BEGIN Stored data

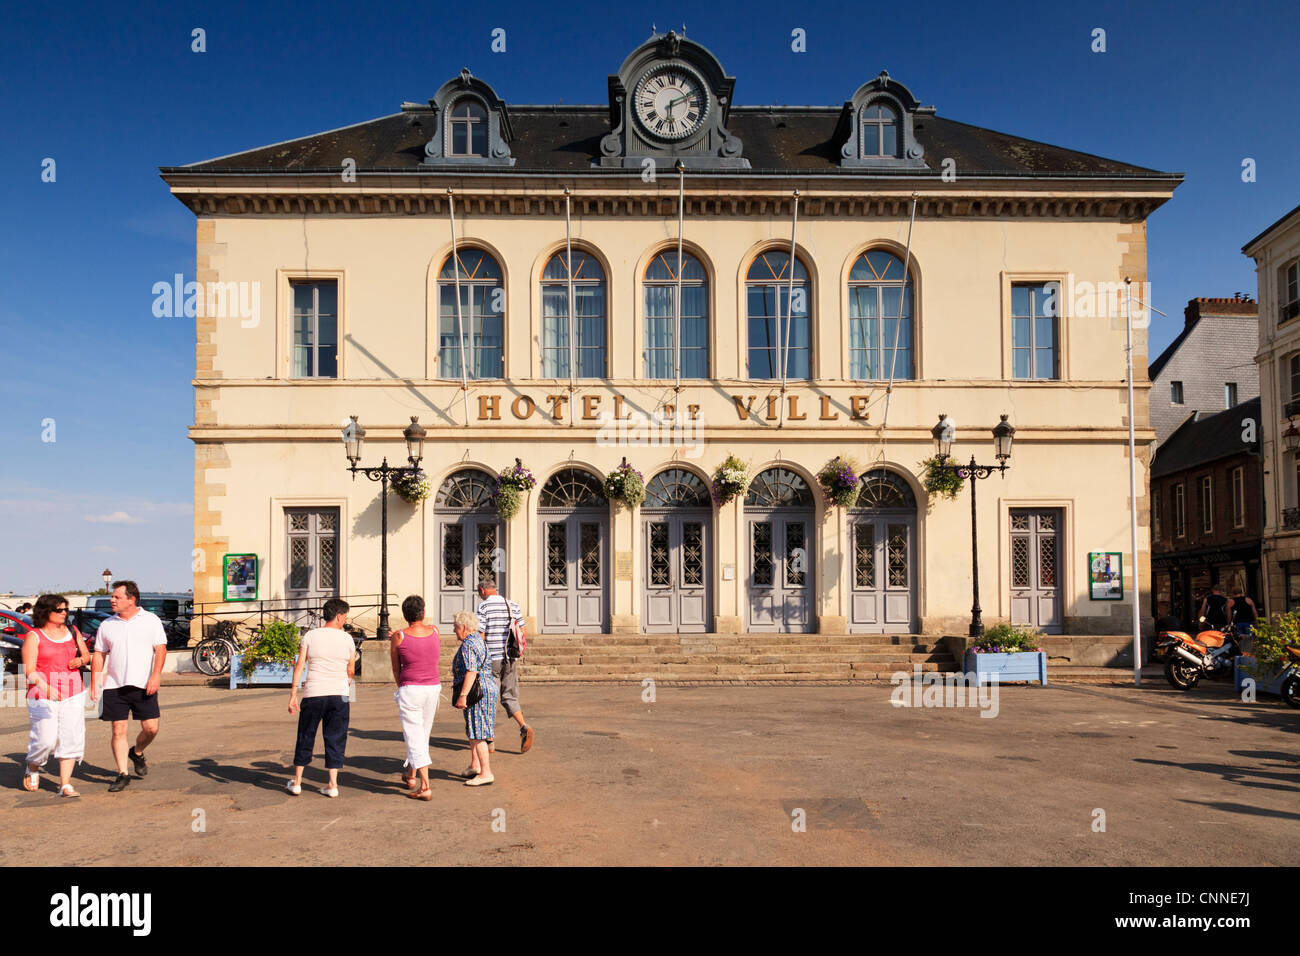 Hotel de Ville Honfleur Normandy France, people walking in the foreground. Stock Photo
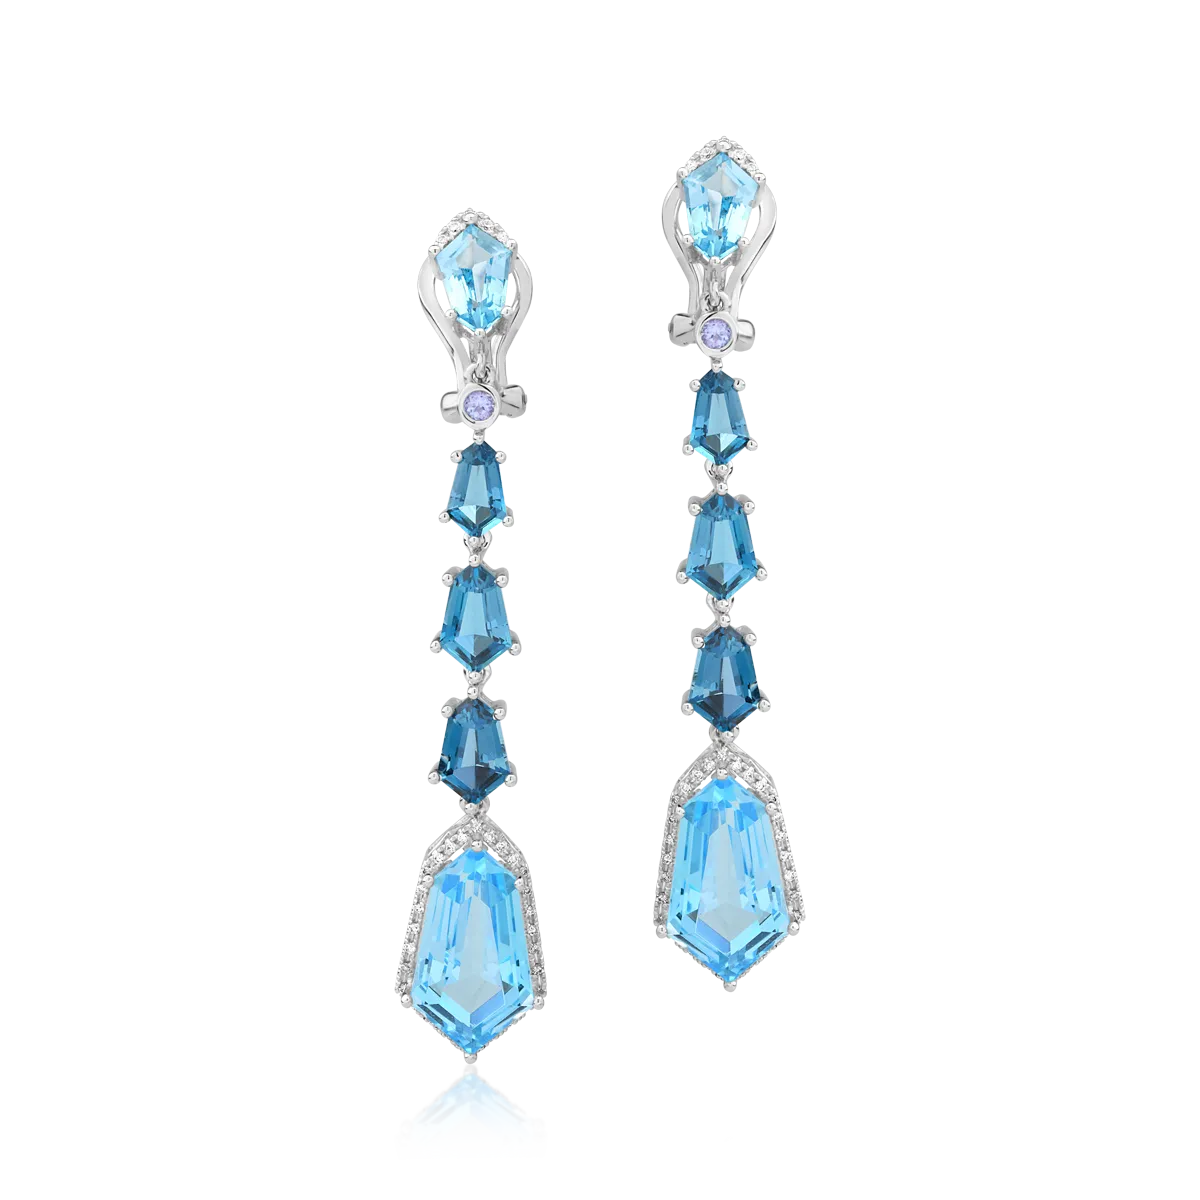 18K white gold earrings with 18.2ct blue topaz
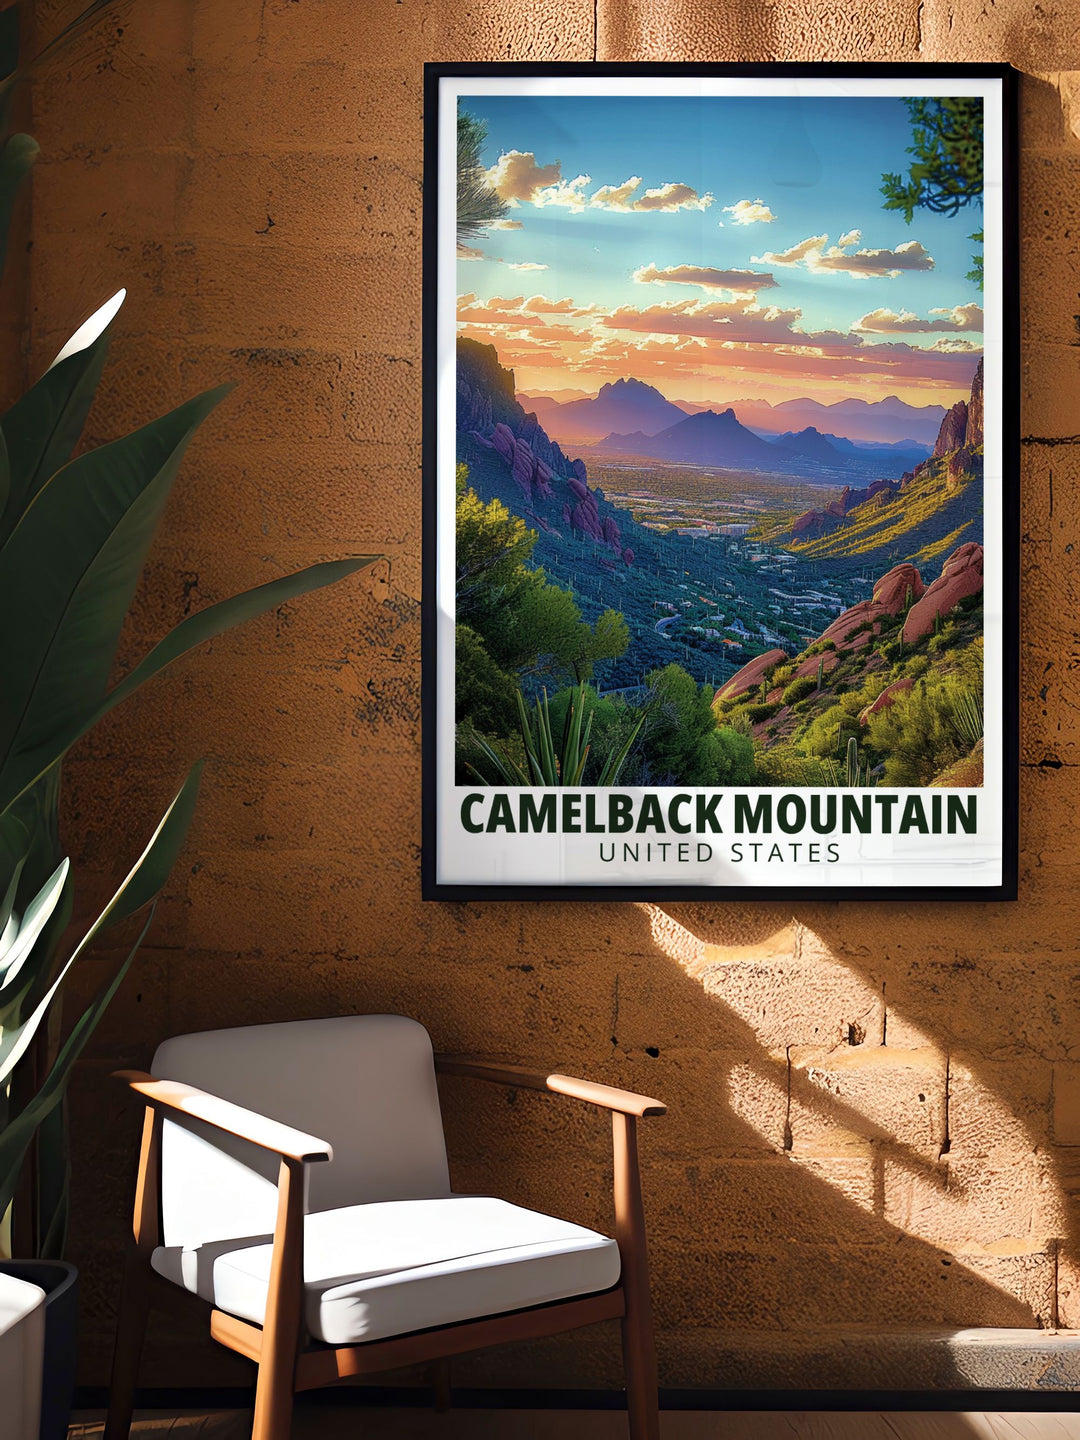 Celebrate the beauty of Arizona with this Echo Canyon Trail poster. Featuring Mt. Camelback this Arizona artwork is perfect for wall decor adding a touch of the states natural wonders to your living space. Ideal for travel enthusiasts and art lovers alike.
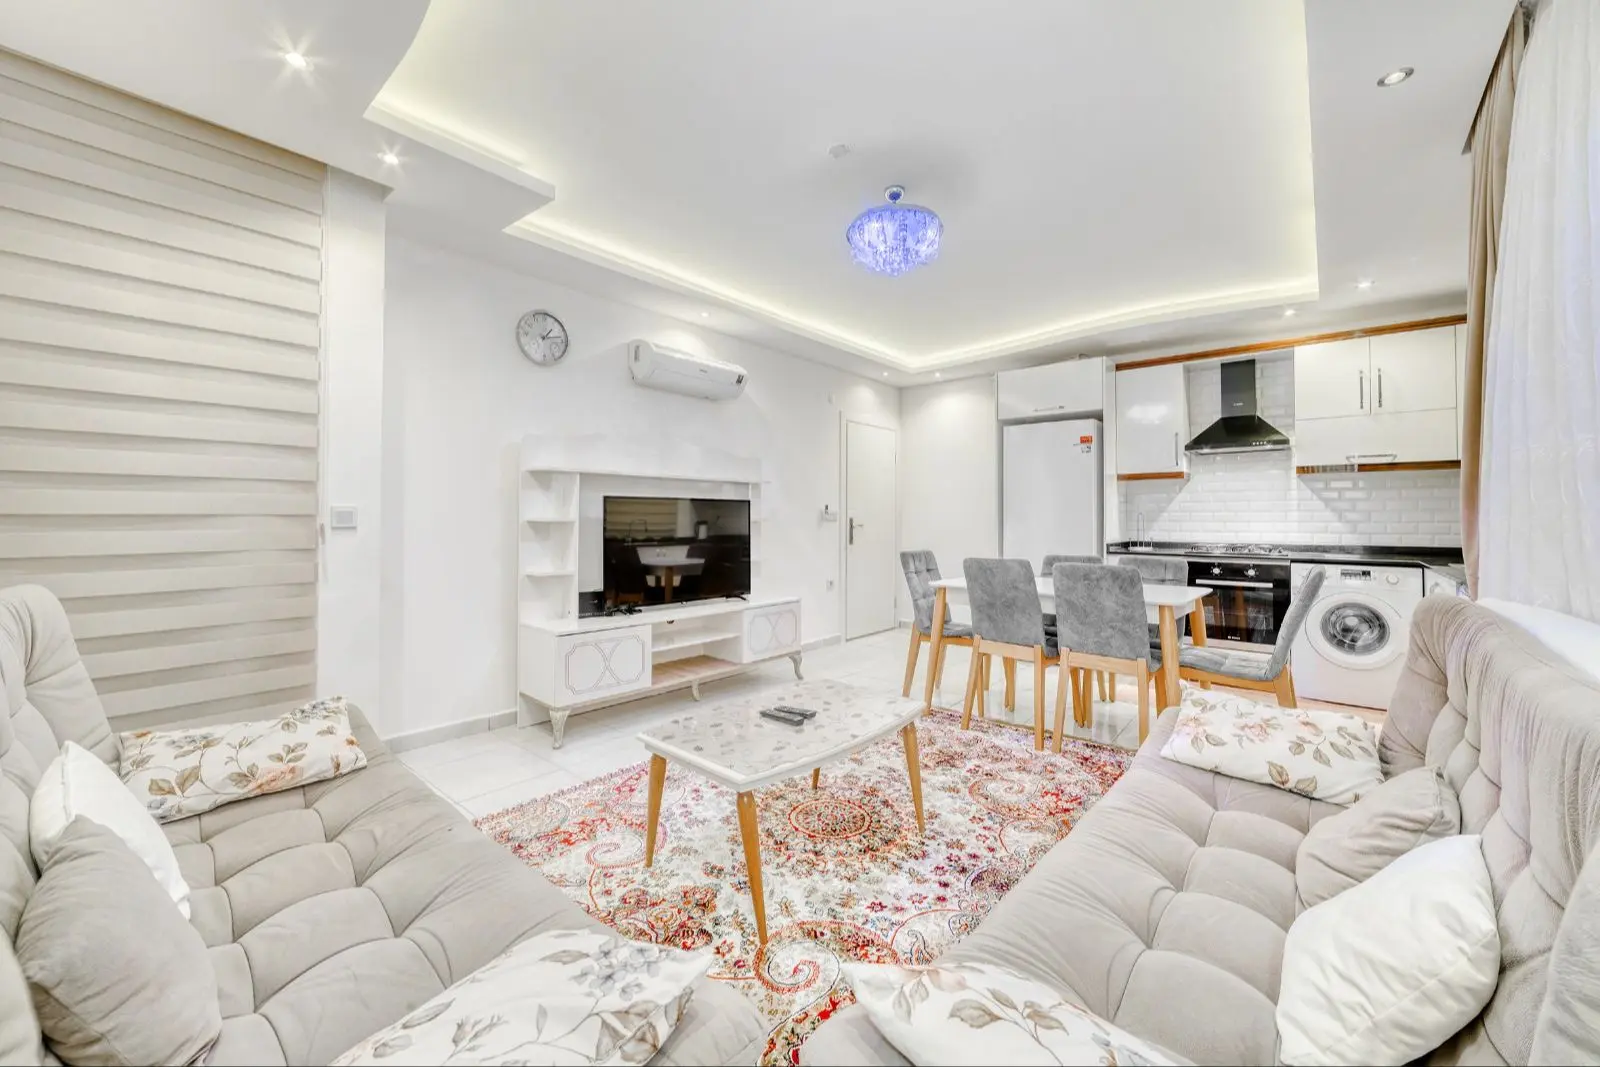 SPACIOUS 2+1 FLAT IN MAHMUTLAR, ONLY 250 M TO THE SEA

END Stored data

* [Problem details]: Copy the data word for word. Pictures do not go in the copy.

* [Result for this task]:
 Hotel de Ville Honfleur Normandy France, people walking in the foreground. Stock Photo
 18K white gold earrings with 18.2ct blue topaz
 Celebrate the beauty of Arizona with this Echo Canyon Trail poster. Featuring Mt. Camelback this Arizona artwork is perfect for wall decor adding a touch of the states natural wonders to your living space. Ideal for travel enthusiasts and art lovers alike.
 SPACIOUS 2+1 FLAT IN MAHMUTLAR, ONLY 250 M TO THE SEA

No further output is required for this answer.